Above all else, the major trigger for the collapse of the state’s planned economy was the First Planned Economy established in the 70s. The First Planned Economy was a self-contained planned economy that funded the personality cult, and which allowed the Leader to draw funds from it at his own discretion. For instance, if Kim Il-sung spontaneously requested for a number of cars at a construction site, the direction of the North Korean economy would have to shift suddenly to accommodate this new demand. In order to prevent this scenario from putting the economy into disarray, factories all over the country was built to operate according to two systems: the people’s planned economy and the First (Leader’s) Planned Economy.
The problem with this was that the Leader came first in North Korea. Consequently, the small-scale First Planned Economy was given precedence over the much larger people’s planned economy that supplied the rest of the country. Eventually, there came to be one country with two economies; that is to say, the Leader’s economy and the people’s economy were separately managed. In this process, the overall balance of the North Korean economy was fundamentally disrupted.
Moreover, at the end of the 70s, the Party’s economic system came to rear its head over the people’s economy, because the Party had absolute authority. If the people’s economy is an economic system contained within domestic limits, the Party’s economy is an economic system that interacts directly with the outside world.

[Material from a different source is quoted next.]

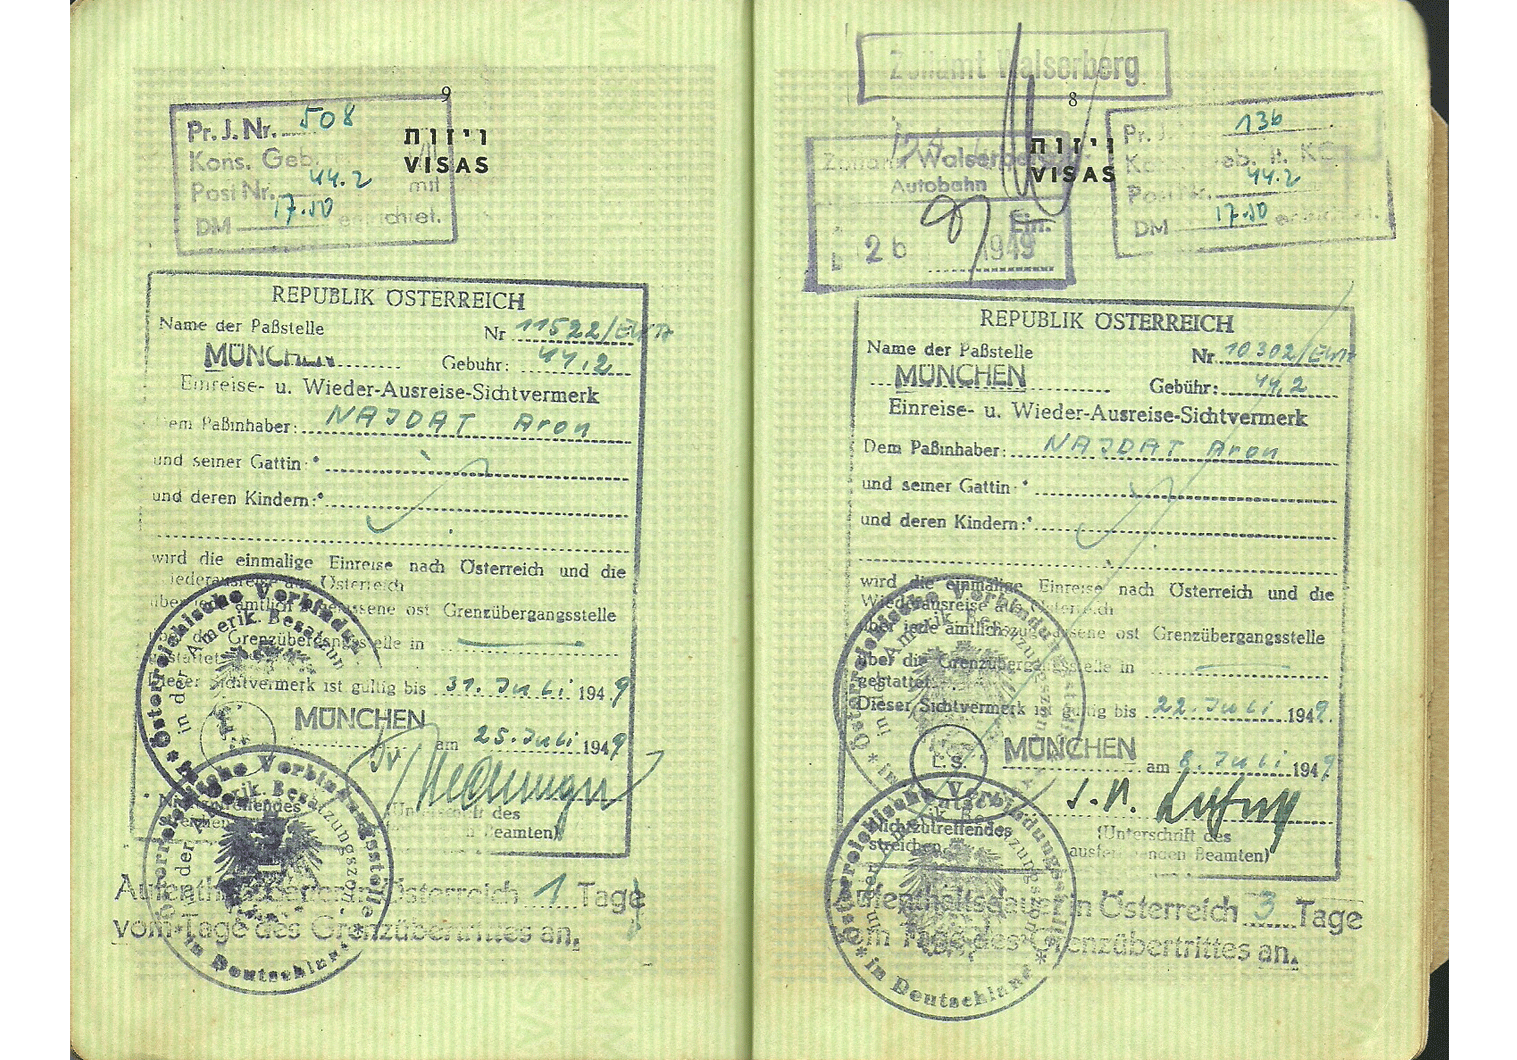 AMG visa 1949

For example, within the Party’s economy, there is Office 39 and Office 38. Office 39 is the department that is responsible for trade with countries that have diplomatic relations with North Korea, while Office 38 engages in non-diplomatically sanctioned trade for the purpose of earning hard currency. The reason that inter-Korean economic cooperation is overseen by Office 38 is because there are no diplomatic relations between North and South Korea. When the socialist markets were thriving, Office 39 looked after Kim Il-sung’s slush funds while Office 38 looked after Kim Jong-il’s.
In this way, as the First Planned Economy was prioritized along with the Party’s economy and the Second Planned Economy (the military-industrial complex), the people’s economy was relegated to become the lowest economic priority.